I wouldn't suggest reverting that change, at least not solely on my 
account (unless it's affecting more people).  It's not only me using 
this code but it's still a very niche case, and outside of "normal" 
Linux usage.

Although it seems a little odd that it ended up in 4.4 and 4.9 when the 
commit said it was intended for 4.13+.  But I don't know how those 
things work.

(Though in a way this was good for me -- it would have been a lot harder 
to run into this issue when switching from 4.9 to 4.19 [which would have 
been the next step] rather than from 4.9.110 to 4.9.168 [which is what 
actually happened].)

> You can still disable runtime power management via sysfs and
> permanently using udev rule on your particular system.
> e.g. ATTR{../../power/control}="on"

I'll do some more testing on this tomorrow, but I do recall trying 
setting power/control to "on" (via sysfs) for the device:

   00:16.0 Communication controller: Intel Corporation Sunrise Point-H 
CSME HECI #1 (rev 31)

which was the one that I noticed was suspended.  Is this the mei device?

In any case when I tried it before it didn't seem to help, but I think 
this was after link-down and things had already failed.  I'll try 
testing a few more cases, including doing it pre-emptively.
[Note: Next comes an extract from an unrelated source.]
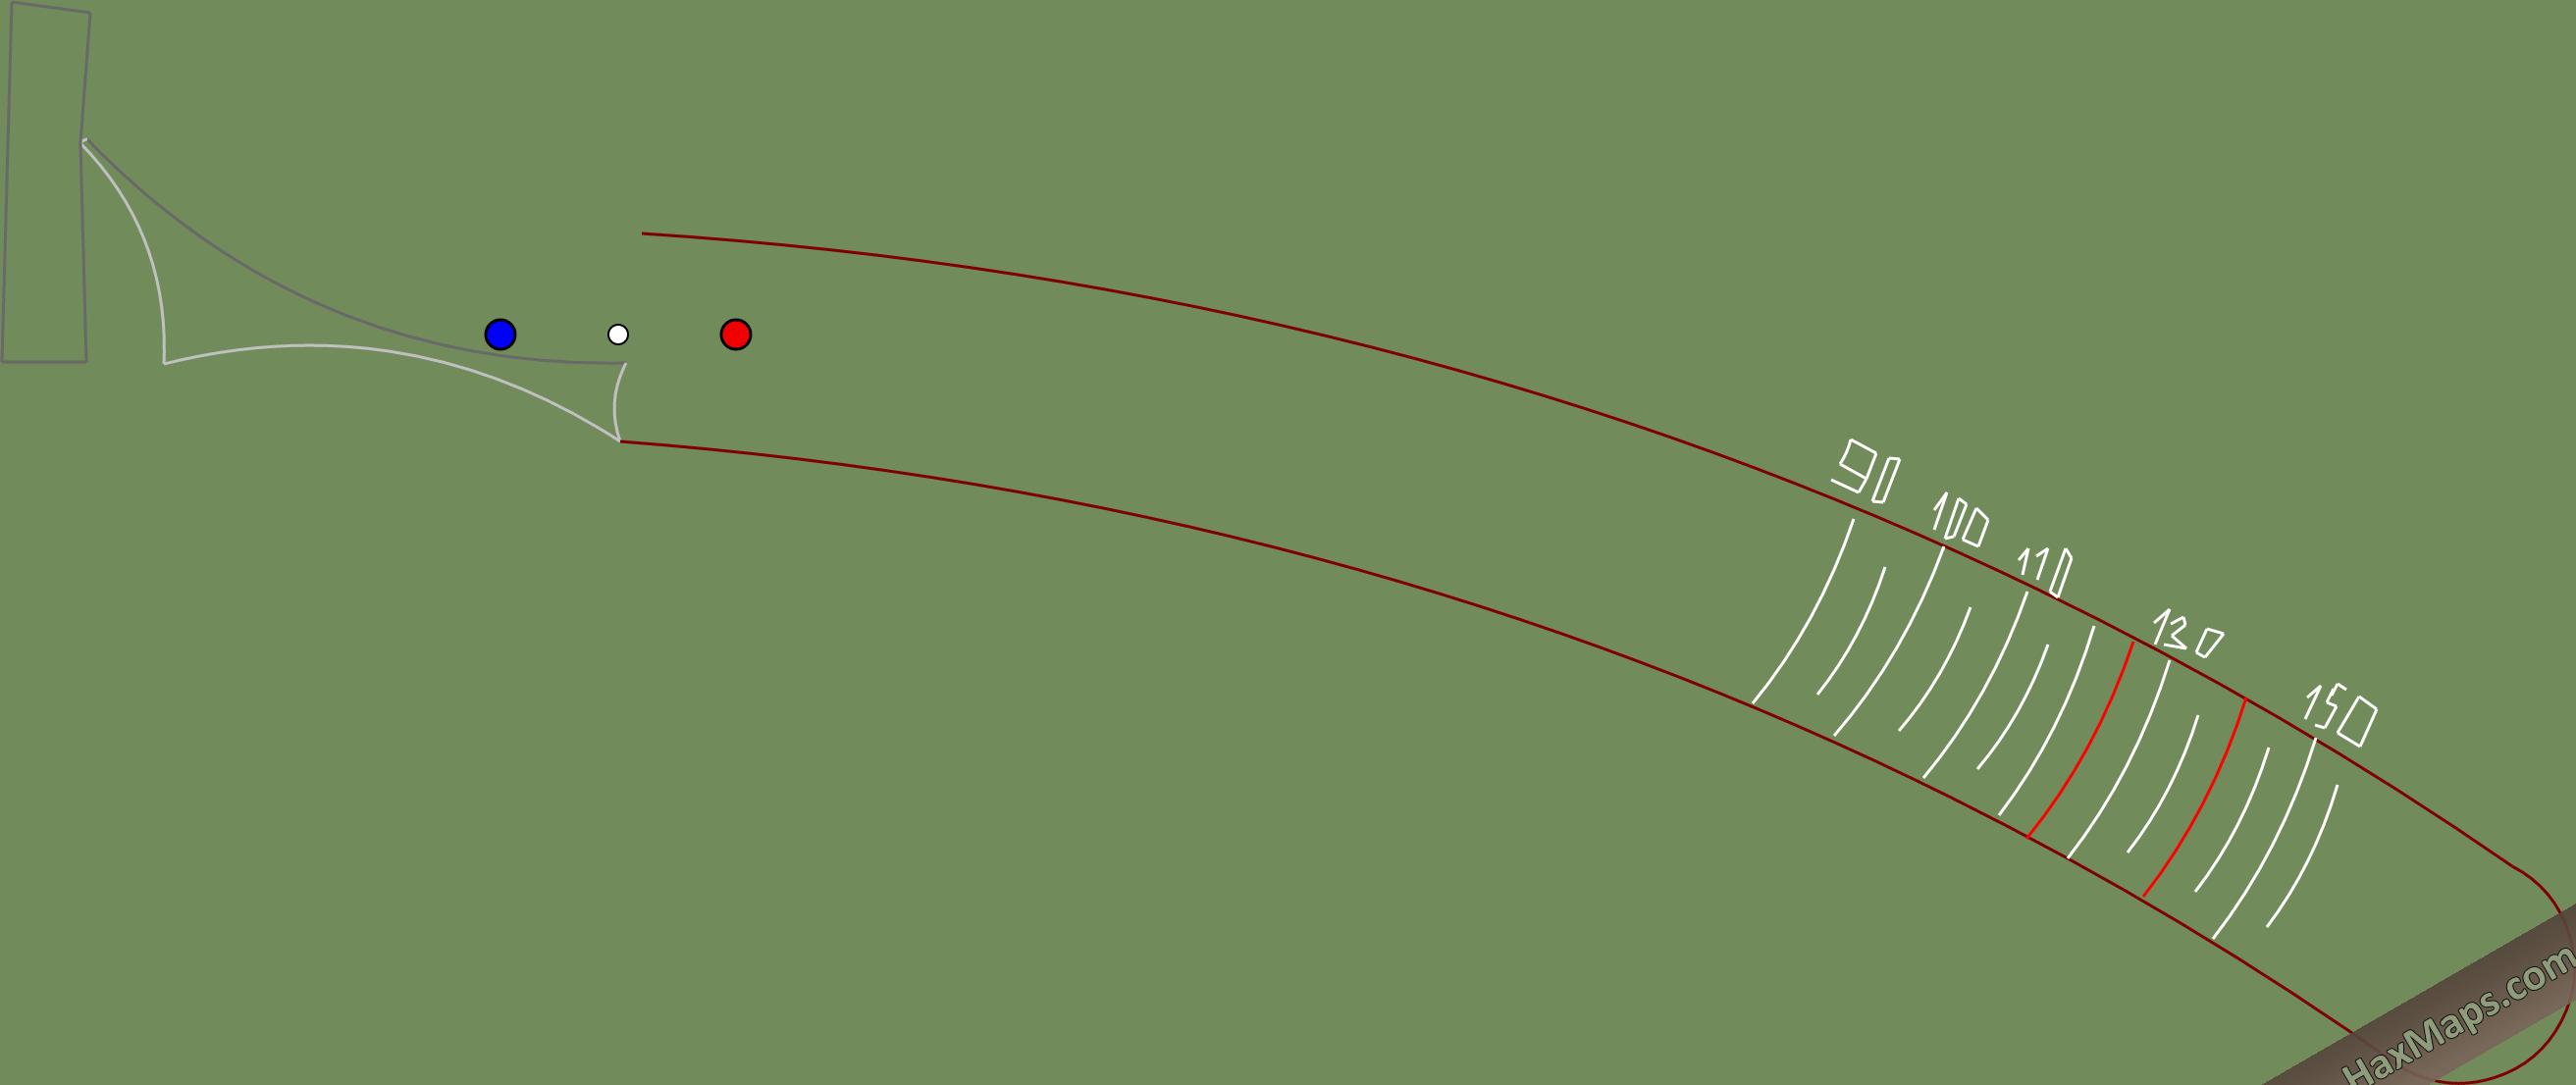 hax ball maps | Bischofscofen HS 140 by W

>> > Let?s wait until Gavin can confirm if it is happening with Linux
>> > 5.3-rc7.
>> 
>> As noted above (and in a prior email), the problem doesn't occur when 
>> using
>> the driver "normally" within Linux.  The triggering environment is 
>> where the
>> driver init/send/receive code is being executed directly
>> *without* being registered as a Linux netdev.
>> 
>> It is likely that the "real problem" is some side effect of this, such 
>> as
>> something checking if a child device is in use or powered down but 
>> it's not
>> registered.
>> 
>> My environment is currently based on this tree:
>> 
>> > Using this kernel tree:
>> >
>> > https://git.kernel.org/pub/scm/linux/kernel/git/rt/linux-stable-rt.git/log/?h=v4.9-rt&ofs=3120
>> >
>> > I've identified that the code at tag v4.9.126 is "good" and the code
>> > at tag v4.9.127 is "bad".
>> (I then narrowed it down to that specific commit.)
>> 
>> To reiterate, there is probably no problem with standard usage of the
>> drivers as part of Linux.
>> 
>> But in this particular non-standard-edge-case-usage, there seems to be 
>> some
>> unfortunate interaction between the mei driver power management change
>> and link-loss in onboard e1000e, and I'm trying to figure out the 
>> cause and
>> hopefully a fix/workaround (or at least one less serious than 
>> disabling power
>> management entirely).
> This is some underlying issue, I'm don't think you can be able to
> resolve it yourself,  e1000 guys should provide the fix.
> Unfortunately I cannot really fix this issue form the mei side.
> 
>> 
>> Some more context from my original email:
>> > I'm using a system with an e1000e network driver which has been
>> > patched to bypass the regular Linux network stack (because it can get
>> > called from a Xenomai RT context, among other reasons -- although in
>> > my case I'm not doing that).  The complete source for the patched
>> > version of the code can be found here:
>> >
>> > https://github.com/ribalda/ethercat/blob/master/devices/e1000e/netdev-4.9-ethercat.c
>> > (There are some minor changes to other files, but the
>> > majority of changes are only to this file.  You can see just the
>> > changes at
>> > https://gist.github.com/uecasm/5e36a15bda6ffd53079344fc443dcc5f/revisions .)
>> >
>> > It was originally based on the in-kernel e1000e driver as of Linux
>> > 4.9.65.  (I'm not the person who originally made the patches, but I am
>> > the person who rebased them to kernel 4.9 and I'm the one trying to
>> > maintain them for newer kernel versions.  Though I'm also not the
>> > person who made that github repo.)
> 
> You will need to eventually incorporate the e1000 fix when resolved
> also to your code base.
> For now the easiest workaround is to disable power management on mei
> from outside on effected platforms.

Yeah, I'm hoping that the eventual solution will be a code change to the 
e1000e driver.  The way the distribution is structured it's very easy to 
apply a fix there and much much harder to apply one at any other point.  
Though userspace rule changes are also feasible.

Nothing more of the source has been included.